# Meal Plan Questions (Sunset Limited)



## Stravels (Jan 4, 2019)

Hi!

I got some questions for all the experts here...

My dad and I are traveling from New Orleans to Houston on a sleeper Roomette that includes the meals. Our trip starts at 9 am till 6ish . 

Is that considered a long haul trip? 

Would anyone know how the meal situation would work? Could we get Breakfast/ Lunch/ and Dinner ?? Or is it just lunch that is offered because of the time schedule?

Would it be best to buy breakfast and bring it on board and have dinner after we get off the train? Obviously my dad thinks we somehow can get all 3 meals in that time span. lol

Thanks for your help ahead of time!!


----------



## pennyk (Jan 4, 2019)

I did that trip last summer.  If I remember correctly, we got lunch and an early dinner before Houston. 

It is up to you whether you want to bring breakfast on board and eat it on the train.  I would not.  I was perfectly happy eating dinner on the train.

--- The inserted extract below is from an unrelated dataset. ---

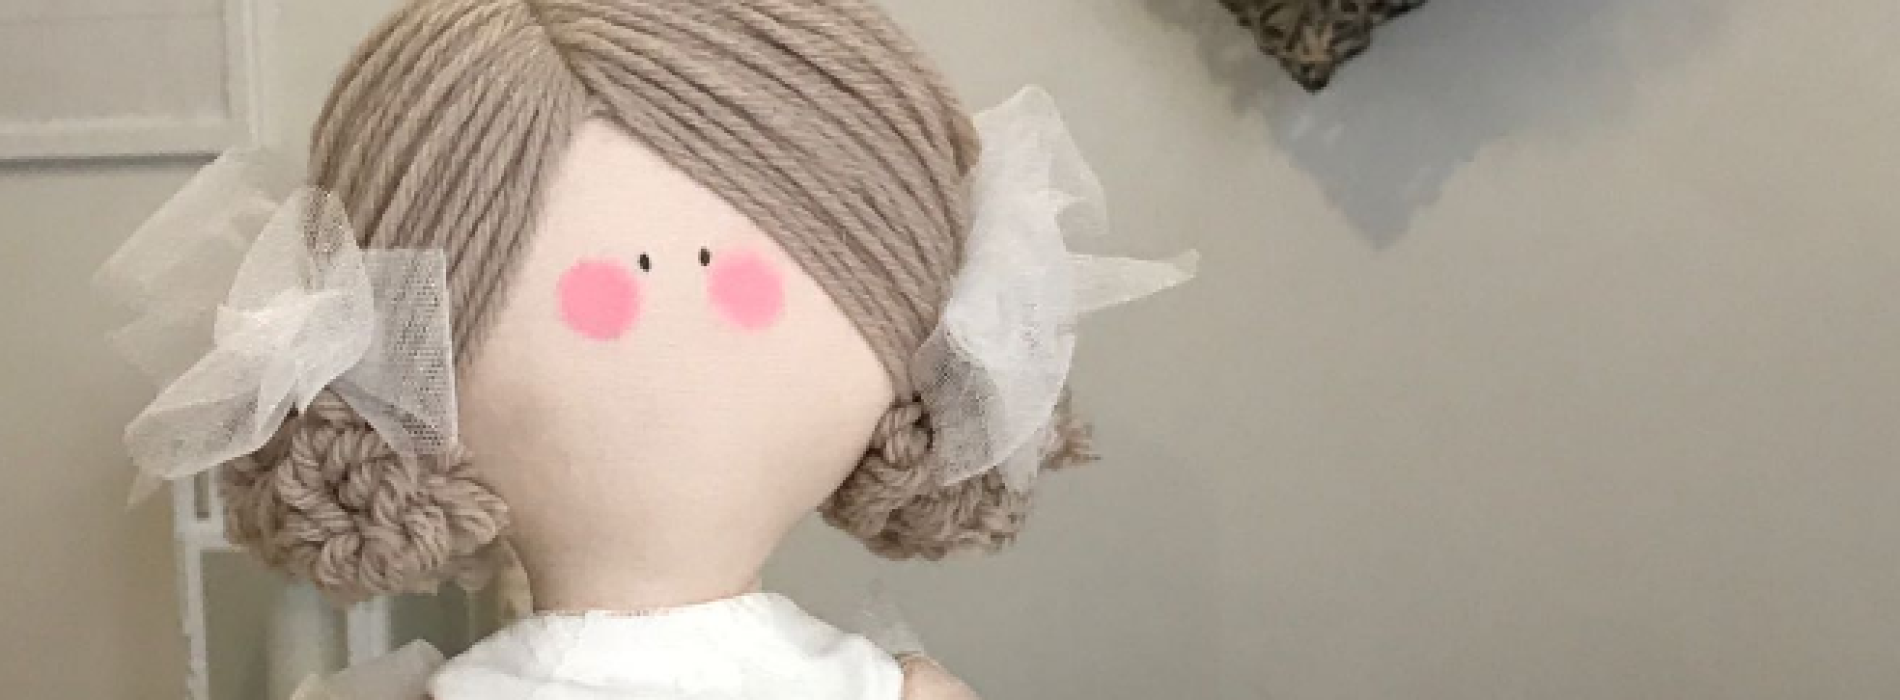 Le Piccoline del Cuore, una casa di bambola nell'Antica Capua

I personally would not consider that a long haul trip, although some might.


----------



## the_traveler (Jan 4, 2019)

The first meal served in the Dining Car will be lunch. The cafe will be open, but personally I would just eat at the hotel or at home prior to boarding.


----------



## cpotisch (Jan 4, 2019)

The Sunset doesn’t serve breakfast out of New Orleans. However the fact that this _is_ New Orleans IMHO means that that having to get breakfast in the city before you board is that big an issue!


----------



## ehbowen (Jan 15, 2019)

Eat breakfast before boarding; your choices are better. You'll definitely get lunch on the train. If you tell your attendant that you want dinner, he can usually arrange with the diner LSA to get you in the first seating. Or, if it looks as if the train is going to be early (there's a good bit of padding in the schedule between Beaumont and Houston), he may be able to arrange for you to get dinner 'to-go' in a take-out container. Unfortunately I don't know of anywhere to eat it in or around Houston's tiny excuse for a station.

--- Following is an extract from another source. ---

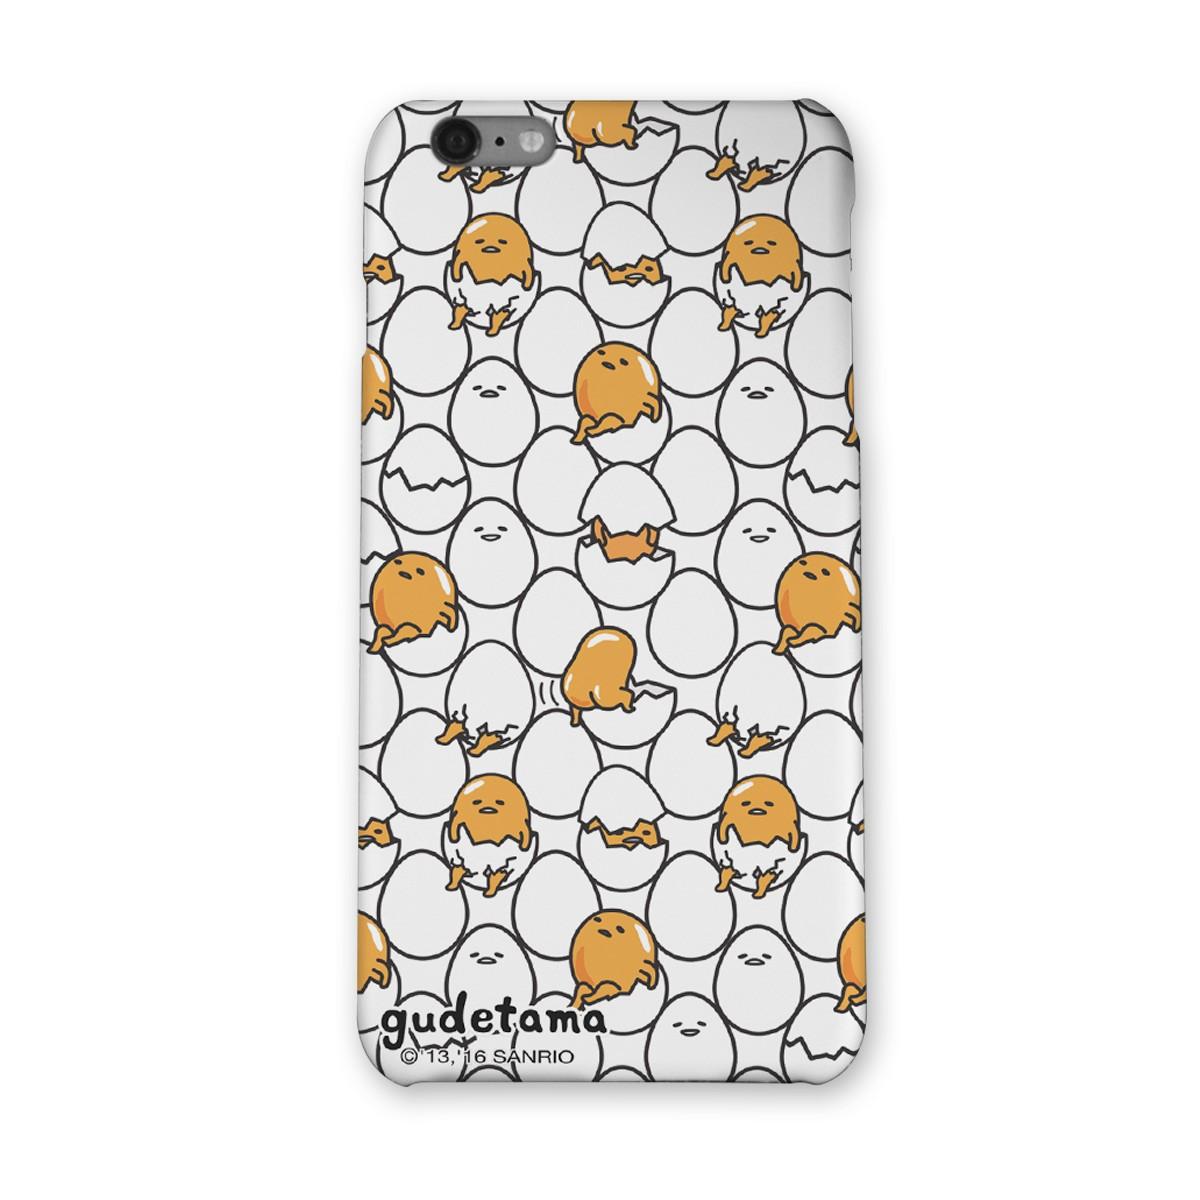 Capa para iPhone 6/6S Gudetama Eggshell

There's a lot of dwell time in Houston so, if you do get seated, you should be able to finish your dinner without rushing. Just make sure that all of your personal belongings are ready to go; the sleeping car attendant will probably ask you to stage them on the downstairs luggage rack so that he can prepare your room. It's very likely that it will be occupied by passenger(s) boarding in Houston.


----------